By André Patrick TCHISSAMBOU, Doctor of Economic Sciences from the University of Franche-Comté (France).
In October 1997, Cabinda was in the spotlight when Angola transgressed two fundamental principles of the Charter of Nations : non-interference in the internal affairs of a country and above all non-respect for its integrity. territorial. The reason given was to neutralize UNITA troops in Congo-Brazzaville. The Angolans often use this name as a screen used to hide or conceal the various components of the Front for the Liberation of the Enclave of Cabinda (FLEC), created in 1963, in Pointe-Noire (Congo-Brazzaville).
From now on, Cabinda serves as a military base for the Angolans to protect American and French oil interests. This was demonstrated during the outcome of the Congolese crisis in Pointe-Noire. Two objectives were achieved : to protect the oil exploitation of Elf ; control and stifle all the Cabindese independence movements based in the Congo. From now on, the entire Congo Basin is under the influence and control of Angola, since the military aid provided to Laurent-Désiré Kabila in Congo-Kinshasa and the presence of Angolan military troops in Congo-Brazzaville.

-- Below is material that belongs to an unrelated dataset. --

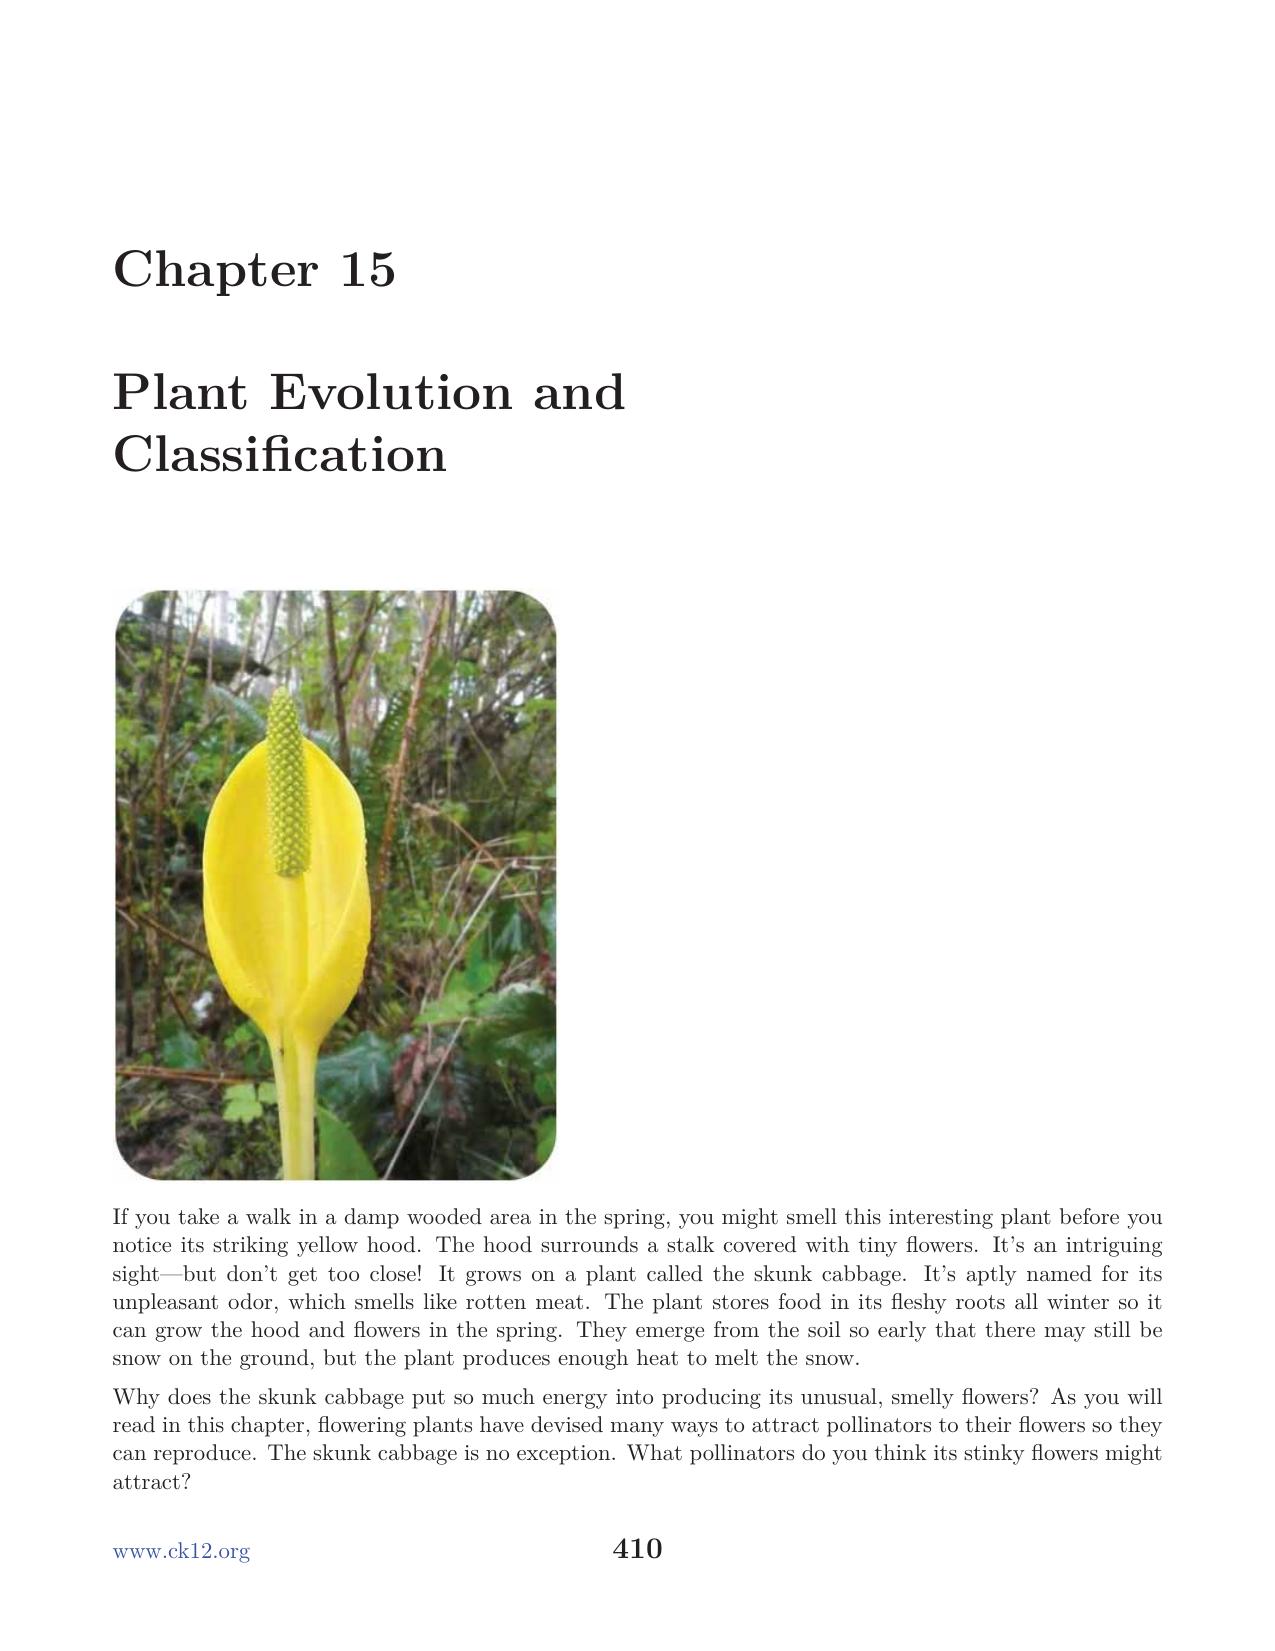 Biology Chapter15

Angolan troops have nevertheless been present in Cabinda since November 1975, with all the exactions that a military and colonial occupation can cause. And yet, the Portuguese Congo (Cabinda) was placed under the Portuguese protectorate by the princes of Cabinda, under the terms of the treaty which was signed on February 1, 1885, after the Berlin Conference (which took place the same year). It was only from 1956, for reasons of administrative convenience, that the Portuguese decided to appoint a single administrator at the head of Angola and Cabinda.
The two territories, although considered distinct, were managed by a single authority. This same provision was applied in French Equatorial Africa, where France had only one administrator for all of its colonies in Central Africa.
At independence, Congo-Brazzaville did not occupy and militarily annex the other colonies. But this is what Luanda did in Cabinda with the support of the Portuguese Communists. In the height of the Cold War, Cabinda was one of the few points of convergence between Soviet communists and American capitalists. Despite the systematic United States embargo on Cuba, Cuban troops landed in Cabinda to protect Gulf oil exploitation and to militarily reinforce Angolan troops. Why ? Cabinda is too rich, which represents, according to Pierre Péan, “a cash drawer, a geological anomaly”.
Cabinda is emptied of its oil without compensation for the natives: the oil revenues are transferred to Angola and provide 80% of the budget of this country. While oil is sold at a low price, a real looting and a perfect exclusion takes place, of which the Cabindais are the victims.
During the invasion of Congo-Brazzaville by Angolan military troops, Cabinda believed that it was going to relive the massive and abusive arrests of its nationalist militants and political leaders, as happened in 1976. This did not happen. was not the case. But, the local population is under close surveillance.
The Cabindans are now a people without a fixed territory. How should they react ? First, the infighting between the many movements that discredit the very basis of their struggle must end. The dominant feature is the apparent impediment to understanding each other among all Cabindais stakeholders: the succession of failures over more than thirty-five years is impressive. Then, we can only note the absence of a charismatic leader.
History shows that each independence struggle is personalized in an exceptional being, carried by all towards the objective of each. Let us quote pacifists such as Gandhi, Nelson Mandela or Martin Luther King. In another style, let’s think of Ben-Gurion and Golda Meir for Israel, and today of Yasser Arafat for Palestine. A look back would rather comfort the Angolans to do nothing. It therefore remains for the Cabindans to find an essential point of support which punishes moving the Angolans: to resort to an international mediator (in the absence of an indisputable leader) but with a coherent and unique political platform.
History and law plead and justify independence for Cabinda. The proof : the Organization of African Unity (OAU) admitted in 1974 Cabinda as the 39th African country to decolonize. It is the basis of all dialogue.
Author’s comment : In 2020, unfortunately, we can see the ongoing topicality of the context, issues and effects judiciously described in this article published in 1998.